Single Cluster Installation

For single-cluster deployments, you can skip the worker cluster registration step. The controller and worker components are installed in the same cluster.

To install EGS in a single-cluster setup, follow these steps:

  1. Navigate to the cloned egs-installation repository and locate the input configuration file named egs-installer-config.yaml.

  2. Edit the egs-installer-config.yaml with basic configuration parameters:

    # Kubernetes Configuration (Mandatory)
    global_kubeconfig: "" # Relative path to global kubeconfig file from base_path default is script directory (MANDATORY)
    global_kubecontext: "" # Global kubecontext (MANDATORY)
    use_global_context: true # If true, use the global kubecontext for all operations by default

    # Installation Flags (Mandatory)
    enable_install_controller: true # Enable the installation of the Kubeslice controller
    enable_install_ui: true # Enable the installation of the Kubeslice UI
    enable_install_worker: true # Enable the installation of Kubeslice workers
    enable_install_additional_apps: true # Set to true to enable additional apps installation
    enable_custom_apps: true # Set to true if you want to allow custom applications to be deployed
    run_commands: false # Set to true to allow the execution of commands for configuring NVIDIA MIG
  3. Run the EGS installation script to deploy EGS components in the single cluster:

    ./egs-installer.sh --input-yaml egs-installer-config.yaml

Multi-Cluster Installation

To install EGS in a multi-cluster setup, follow these steps:

  1. Navigate to the cloned egs-installation repository and locate the input configuration file named egs-installer-config.yaml.

  2. Edit the egs-installer-config.yaml file with the global kubeconfig and kubecontext parameters:

    global_kubeconfig: ""  # Relative path to global kubeconfig file from base_path default is script directory (MANDATORY)
    global_kubecontext: "" # Global kubecontext (MANDATORY)
    use_global_context: true # If true, use the global kubecontext for all operations by default
  3. (AirGap installation only) If you are performing an AirGap installation, update the image_pull_secrets section in the config file with appropriate registry credentials or secret references.
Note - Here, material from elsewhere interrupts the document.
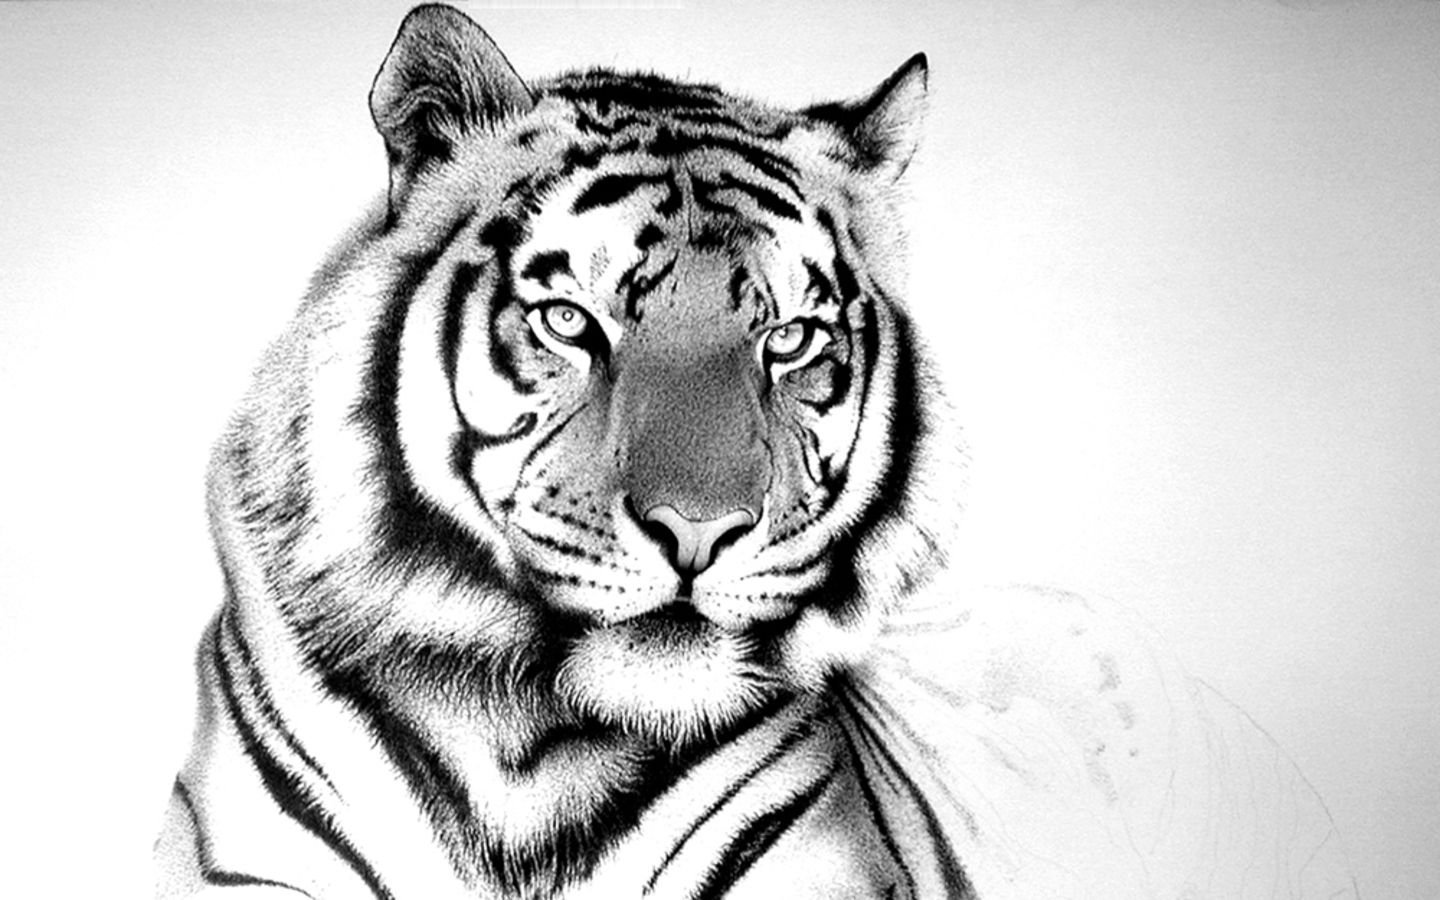 Tigre dibujo cara

You can skip this step if you are not performing AirGap installation.

    # From the email received after registration with Avesha 
    IMAGE_REPOSITORY="https://index.docker.io/v1/"
    USERNAME="xxx"
    PASSWORD="xxx"
  4. (Optional) These settings are required only if you are not using local Helm charts and instead pulling them from a remote Helm repository.

    1. Set use_local_charts to false

      use_local_charts: false
    2. Set the global Helm repository URL

      global_helm_repo_url: "https://smartscaler.nexus.aveshalabs.io/repository/kubeslice-egs-helm-ent-prod"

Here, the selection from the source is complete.